Rationale: Nicotine improves sensory processing in schizophrenic individuals, as measured by changes in auditory event-related potentials (ERPs). Nicotine administration also alters ERPs in mice by increasing the amplitude and gating of the P20 ERP component while decreasing the amplitude of the N40 ERP component. Less is known about the role of specific nicotinic acetylcholine receptor (nAChR) subtypes.
Objectives: In this study, we examined whether nAChRs containing the beta2 subunit contribute to nicotine's effects on auditory ERPs.

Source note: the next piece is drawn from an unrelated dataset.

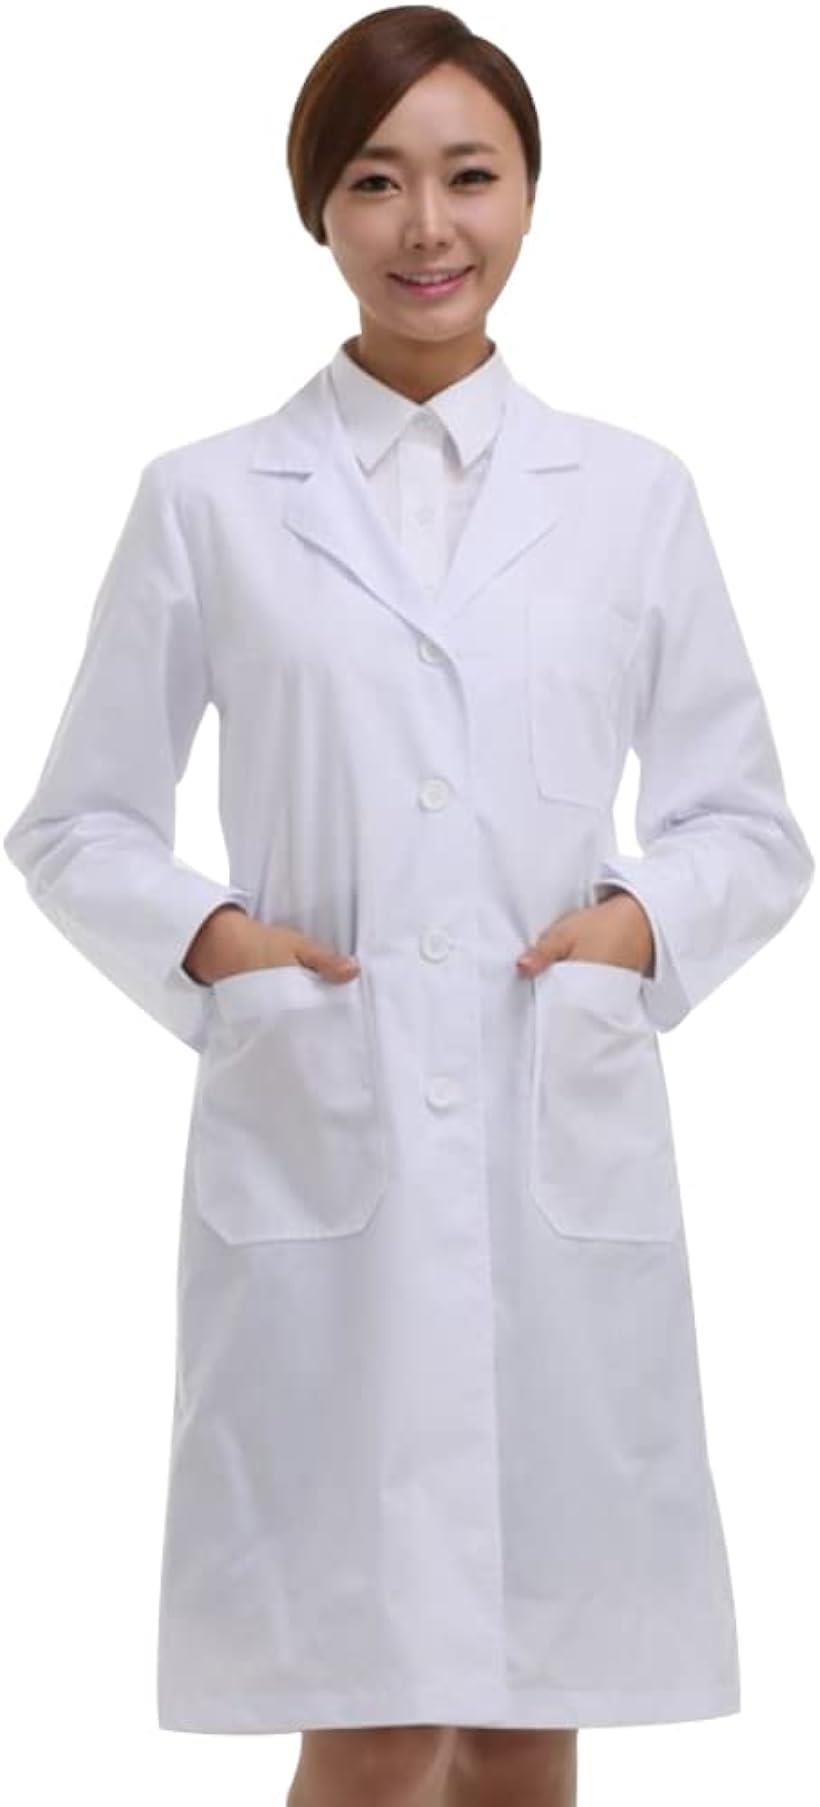 女医 先生 ドクター ナース コスチューム コスプレ 白衣( ホワイト, XL)

Materials and methods: We tested the effect of nicotine in wild-type mice and mice lacking the beta2 nAChR subunit. Mice underwent stereotaxic implantation of stainless steel electrodes located in the CA3 region of the hippocampus, and 50 paired click stimuli were delivered during each drug condition.
Results: There was no significant difference in P20 or N40 amplitude or gating between genotypes during the control condition, suggesting that beta2-containing receptors are not essential for the baseline auditory ERP response. Nicotine increased P20 amplitude and enhanced gating in wild-type and beta2 knockout mice, but only decreased N40 amplitude in wild-type mice. There was no effect of nicotine on N40 gating in either genotype.
Conclusions: beta2-containing receptors are necessary for nicotine's effects on the N40 component of the mouse auditory ERP. These results suggest that beta2-containing nAChRs modulate sensory processing and may serve as a therapeutic target in schizophrenic individuals.